### [Supplied entries]
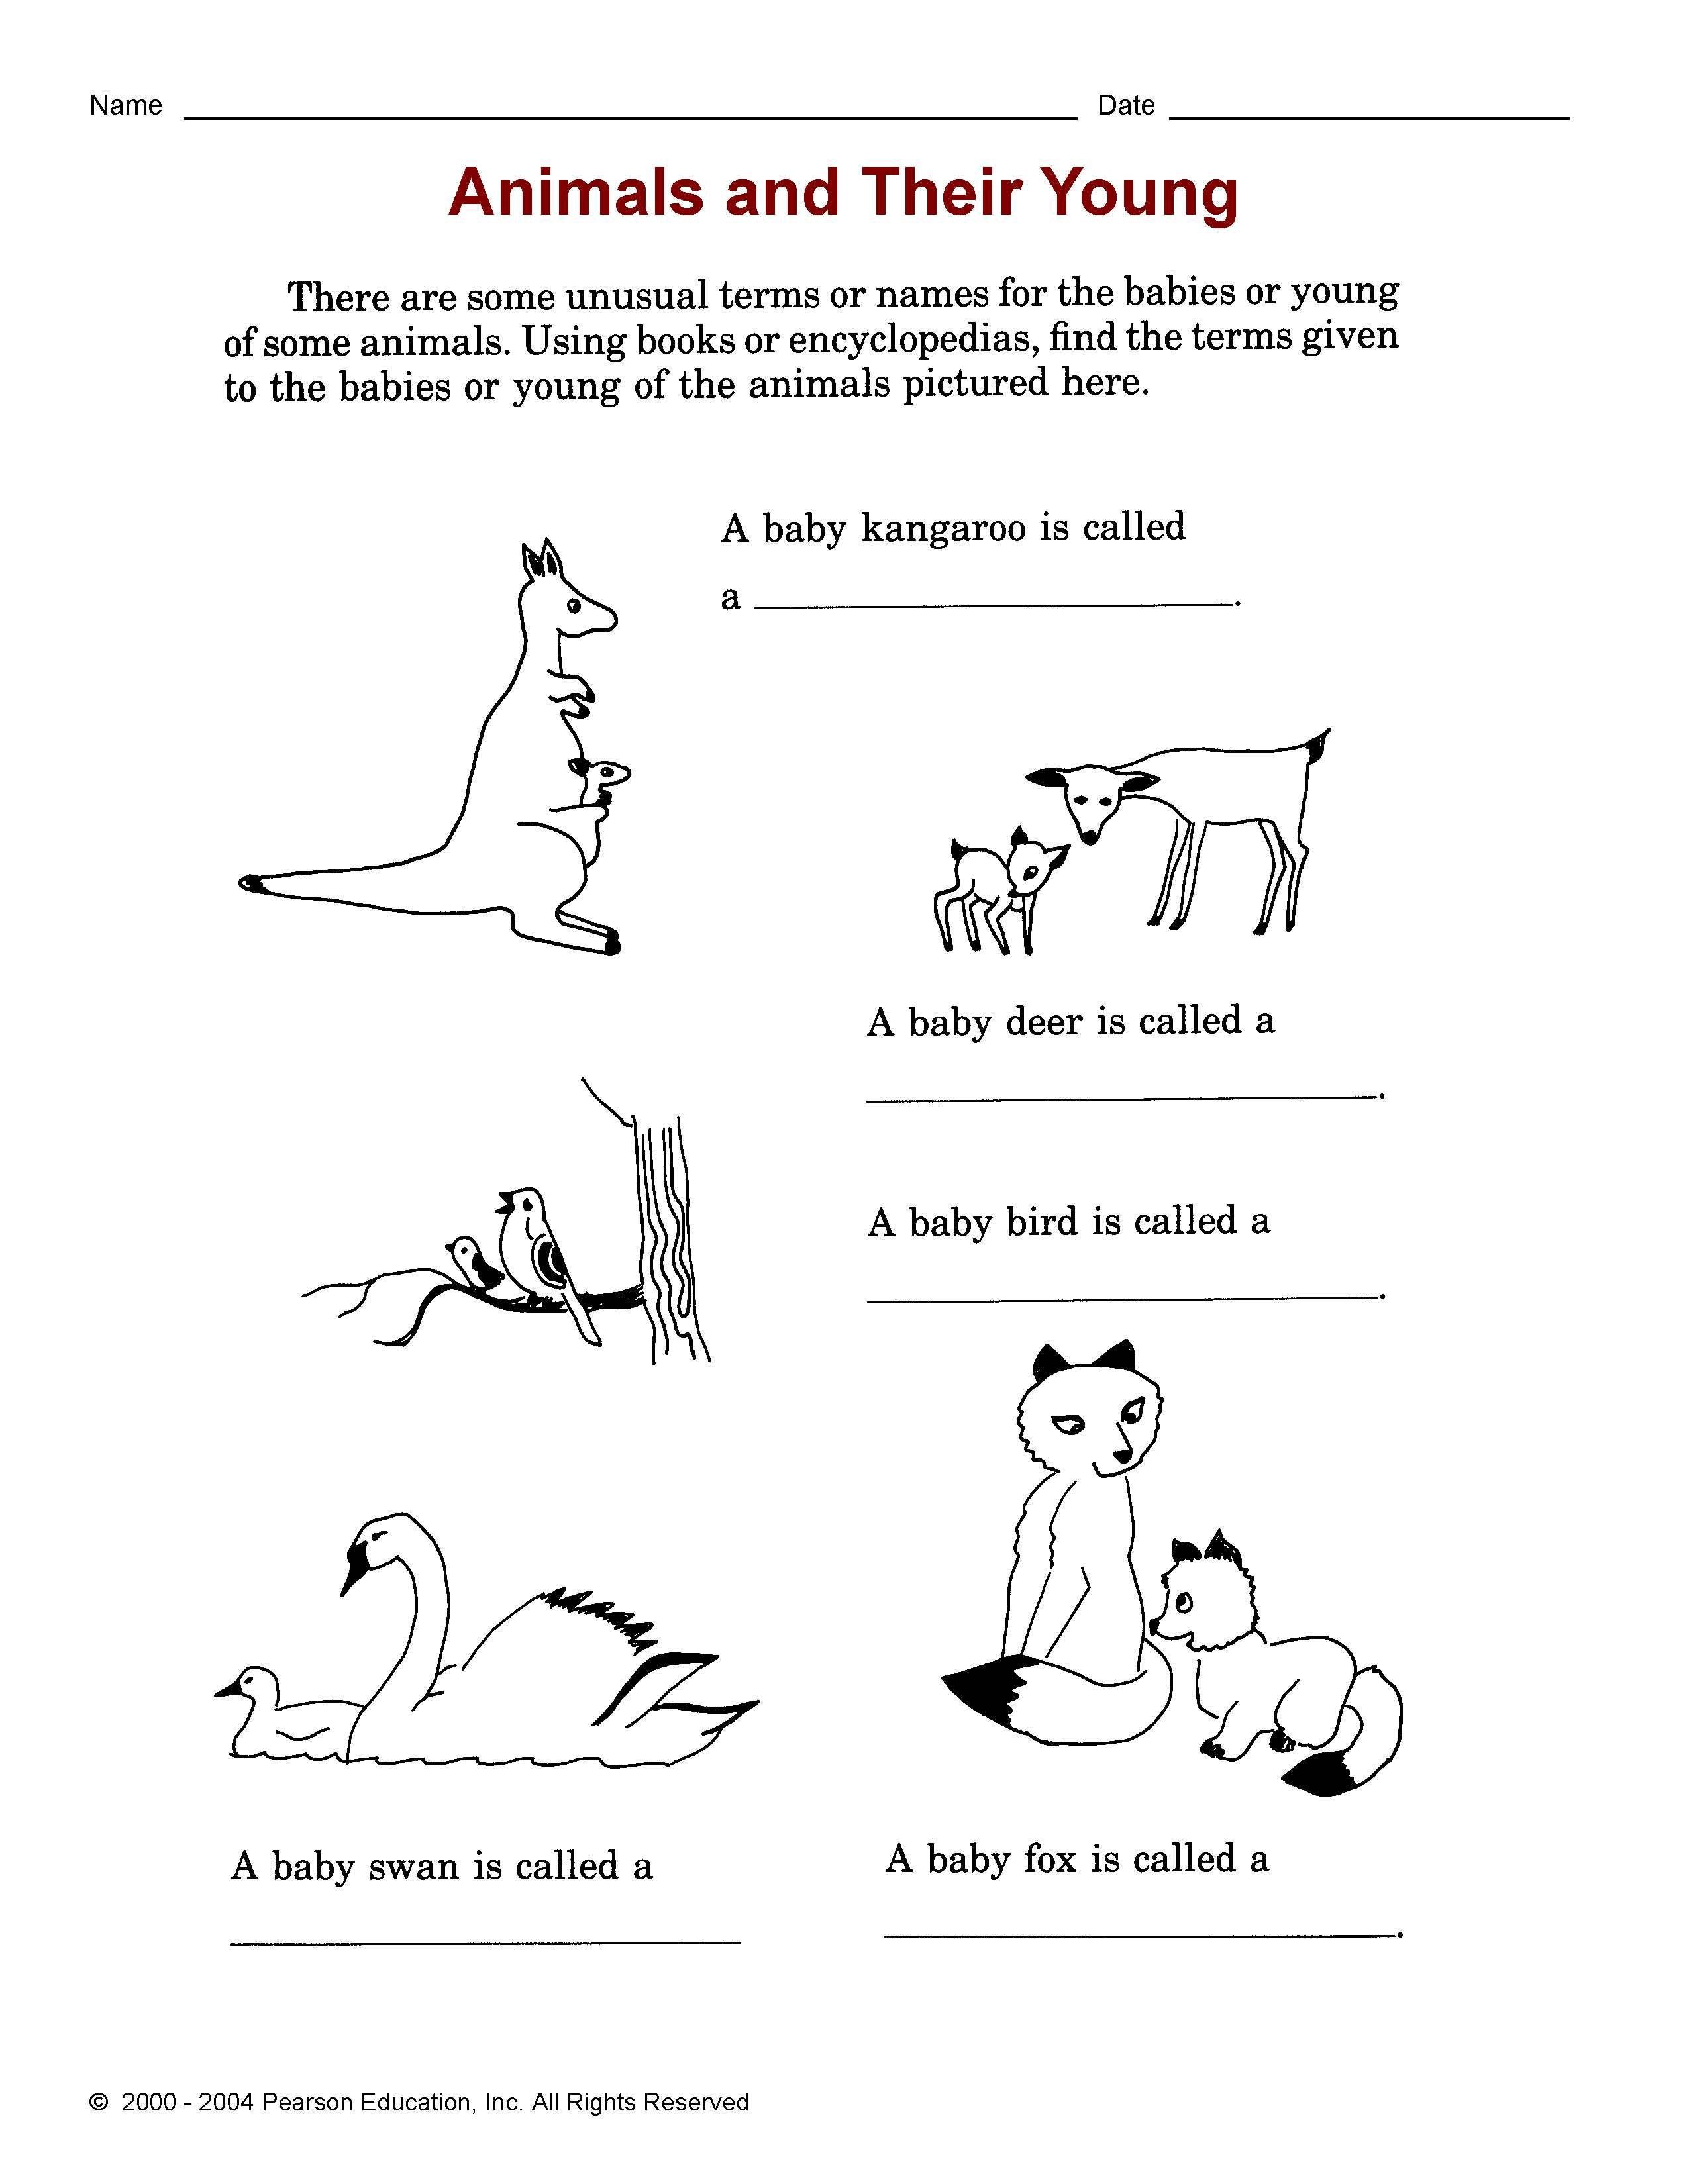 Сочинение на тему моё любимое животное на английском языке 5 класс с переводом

--

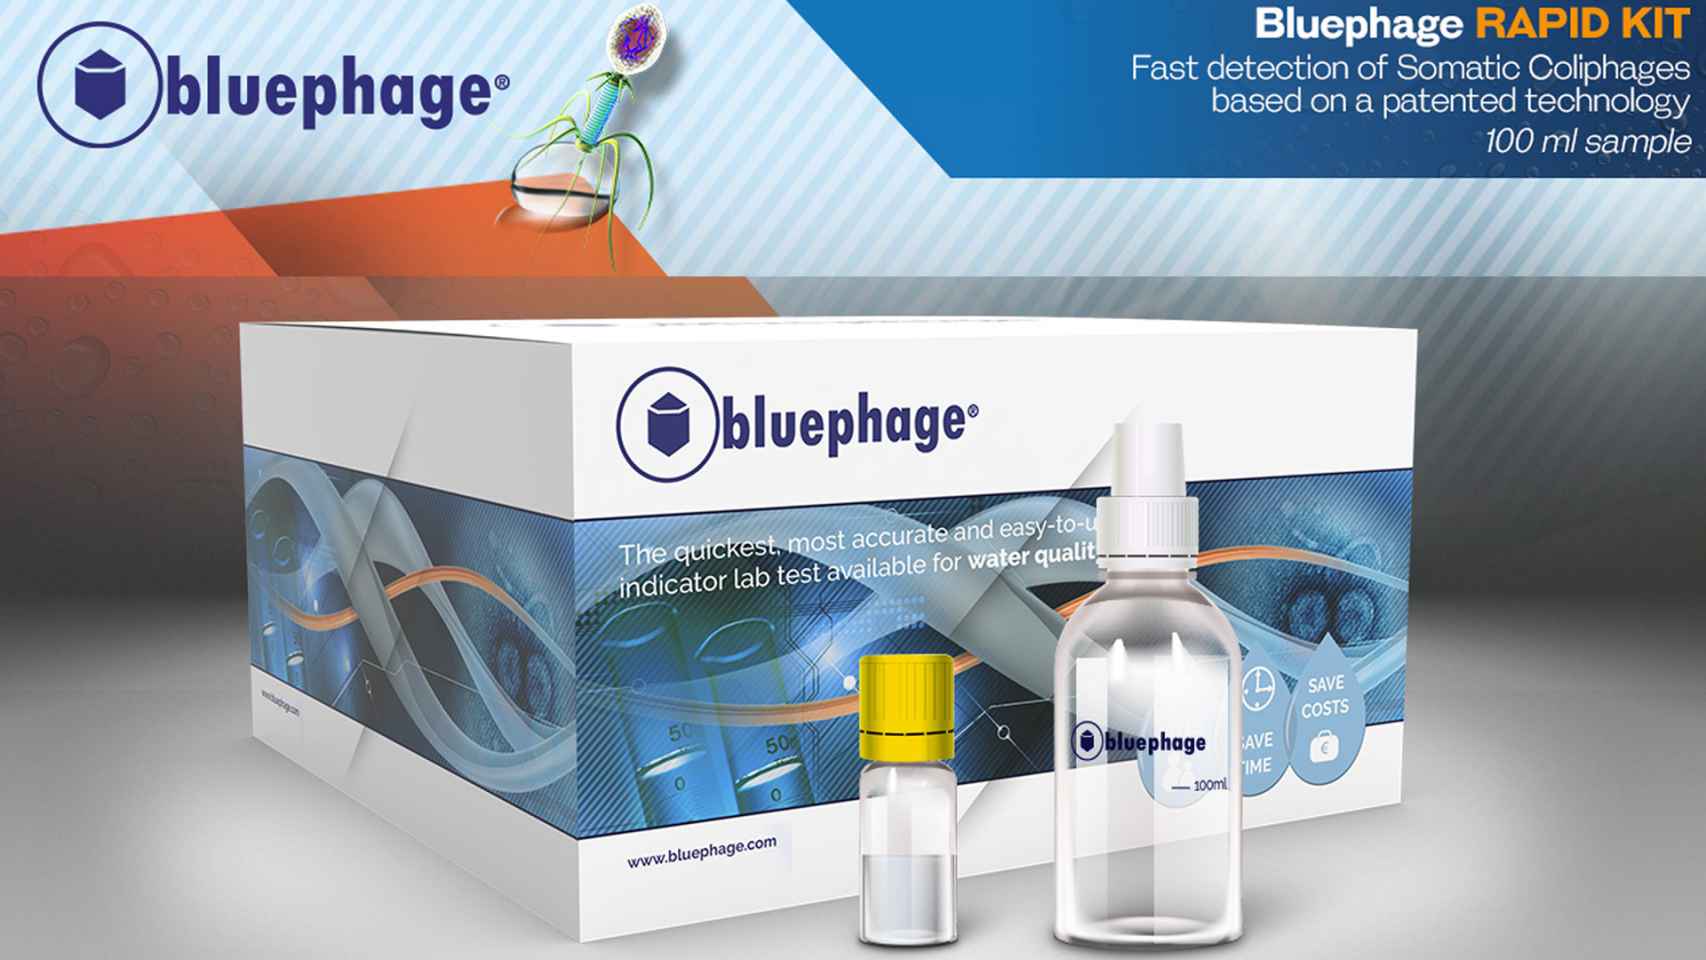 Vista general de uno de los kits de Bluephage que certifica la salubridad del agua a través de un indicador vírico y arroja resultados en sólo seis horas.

--

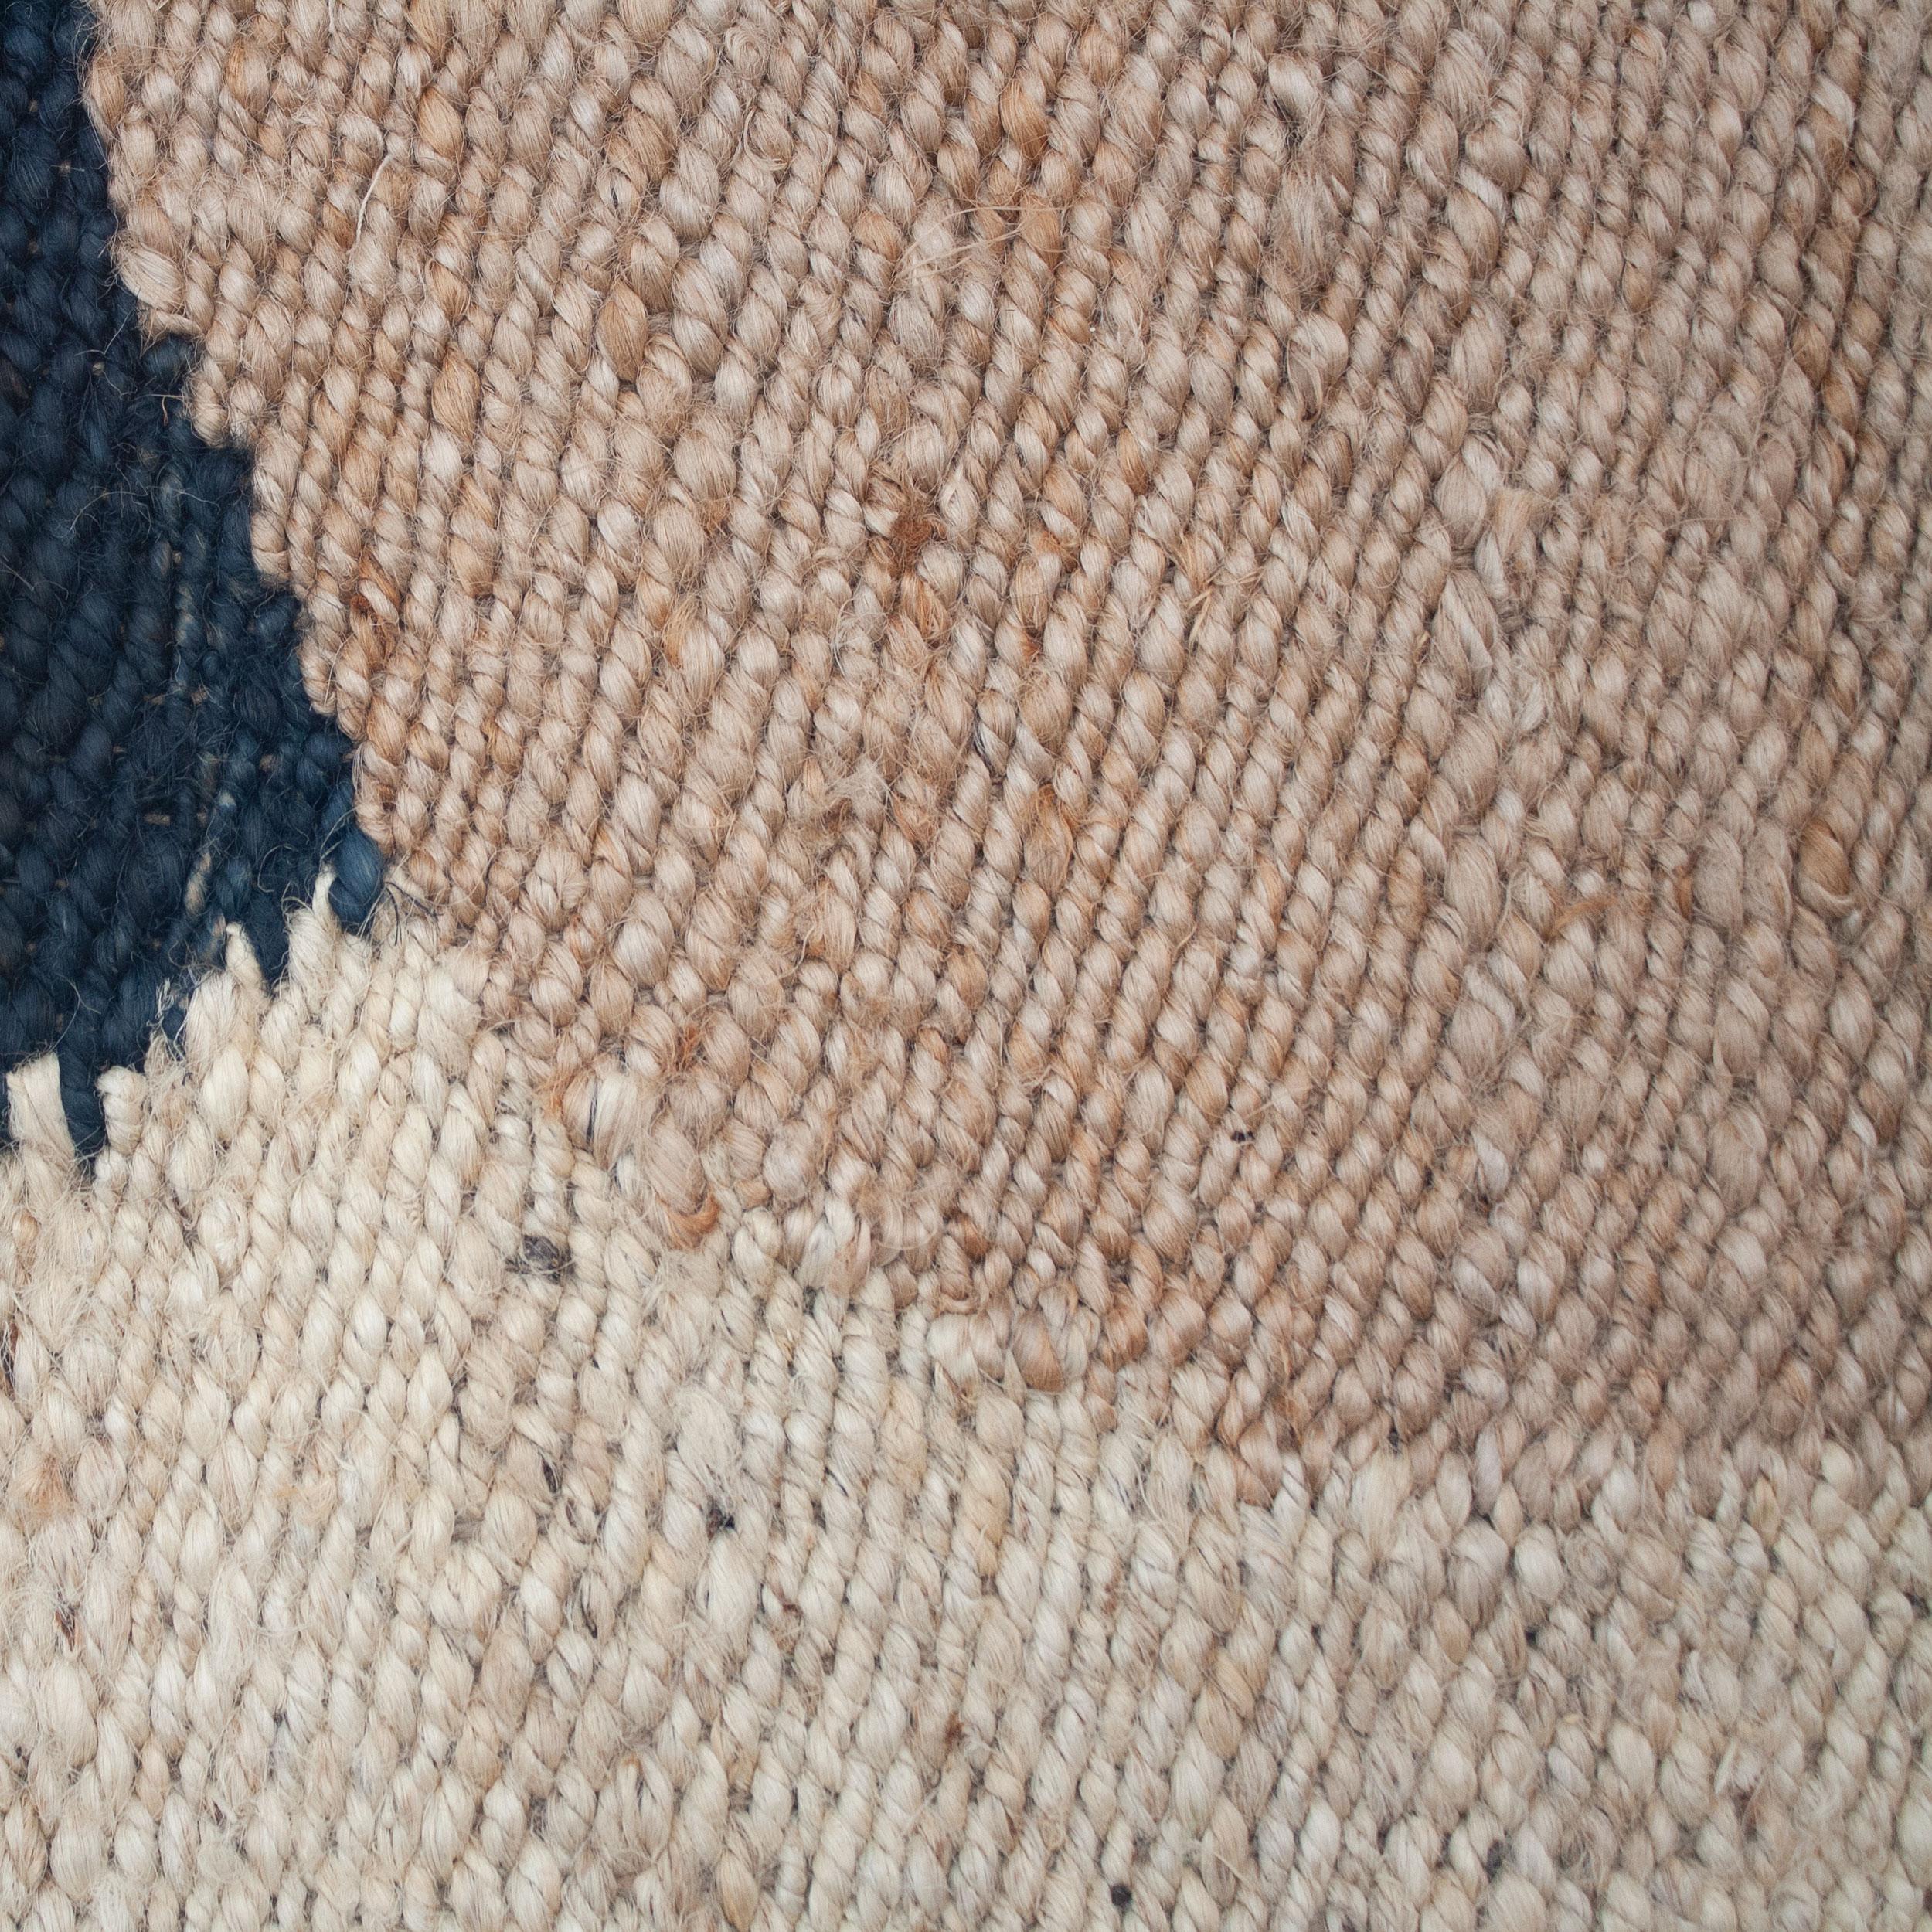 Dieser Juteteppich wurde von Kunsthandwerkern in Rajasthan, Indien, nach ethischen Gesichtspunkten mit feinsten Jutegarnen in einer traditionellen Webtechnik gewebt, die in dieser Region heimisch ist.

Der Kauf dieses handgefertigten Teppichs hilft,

### [Task instructions]
Starting at the line with "Dieser Juteteppich wurde" and finishing at the line with "Der Kauf dieses", copy the material above exactly, both lines included. Nothing else goes in, and no pictures.

### [Result]
 Dieser Juteteppich wurde von Kunsthandwerkern in Rajasthan, Indien, nach ethischen Gesichtspunkten mit feinsten Jutegarnen in einer traditionellen Webtechnik gewebt, die in dieser Region heimisch ist.

Der Kauf dieses handgefertigten Teppichs hilft,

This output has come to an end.